Suppose a watermelon with a mass of 2.0 kg undergoes a head-on elastic collision on a frictionless counter with a grapefruit with a mass of 0.8 kg. If the total kinetic energy of the system is 10.5 J and the total momentum is 7.5 kg·m/s, determine the possible initial and final velocities for the watermelon and the grapefruit.  

 

Answer:

for an elastic collision both the kinetic energy and the momentum are conserved.

let V1 be velocity of watermelon and V2 the velocity of grapefruit.

thereforefor kinetic energy,

-1/2m₁v1² +1/2m2v₂² = 10.5

(0.5 *2* v1^2) +( 0.5*0.8*v2^2) =10.5

v1^2 + 0.4v2^2 =10.5

10v1^2 +4v2^2 = 105..................(i)

momentum equation;

m₁u₁ +m₂u₂ = 7.5

2v1 +0.8 v2 =7.5

20v1 +8v2 =75......................(ii)

solving equation 1 and 2 simultaneously gives;

from equation 2,

v2 = (75-20v1)/8 .............................(iii)

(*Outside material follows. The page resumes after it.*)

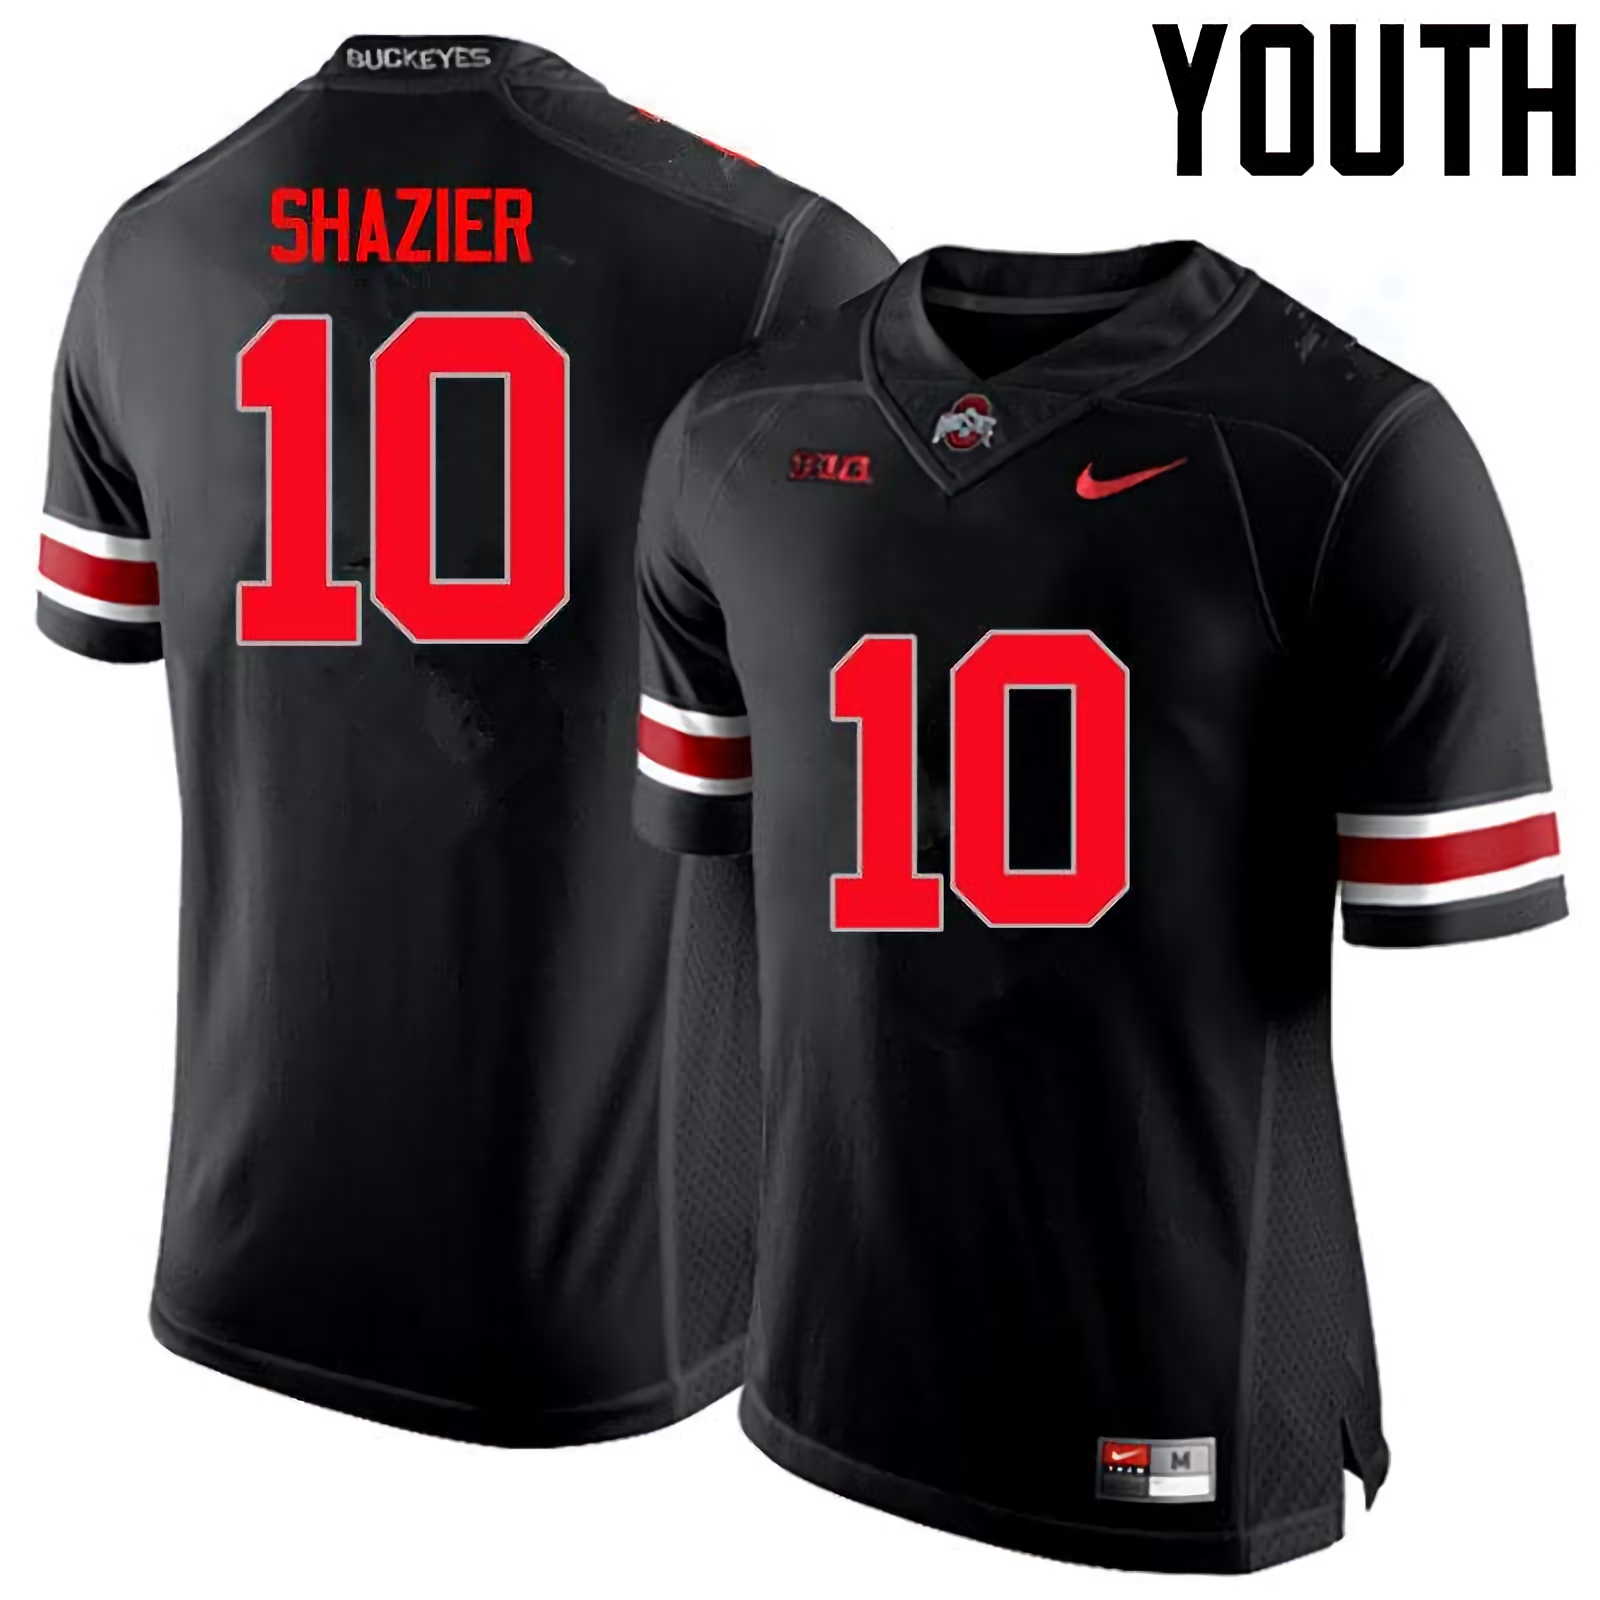 Ryan Shazier Ohio State Buckeyes Youth NCAA #10 Nike Black Limited College Stitched Football Jersey VGO8856OD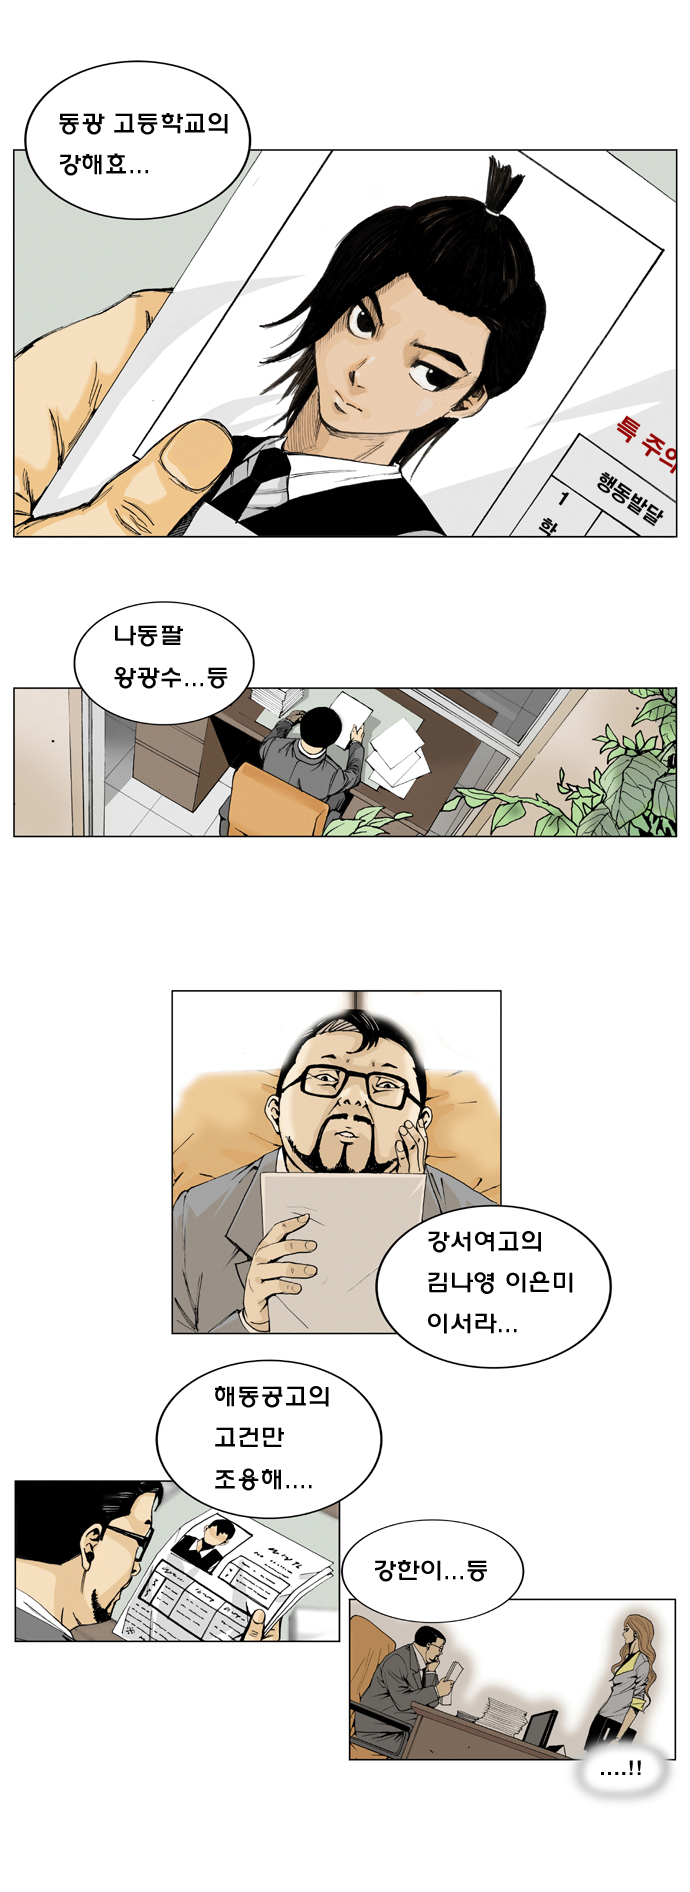 Ultimate Legend - Kang Hae Hyo - Chapter 1 - Page 2

substitute equation 3 in eqn 1 to get;

10v1^2 +4{(75-20v1)/8}² =105

this gives;

V1 = 1.606m/s or -0.1639m/s

to get the velocity 2, we substitute the v1 in either equation to get;

v₂ = (75-20*1.606)/8 =5.36m/s

or V2 = (75-20*-0.1639)/8 =9.785m/s

therefore,

V₁ =1.606m/s when V₂ = 5.36m/s

or

V₁ = -0.1639m/s when V₂ =9.785m/s

Step-by-step explanation

we use the laws of conservation of momentum and kinetic energy to find the energy before and energy after collision as well as the momentum before and after collision. this gives a simultaneous equation which is solved to obtain the required values of velocity of melon and grapefruit.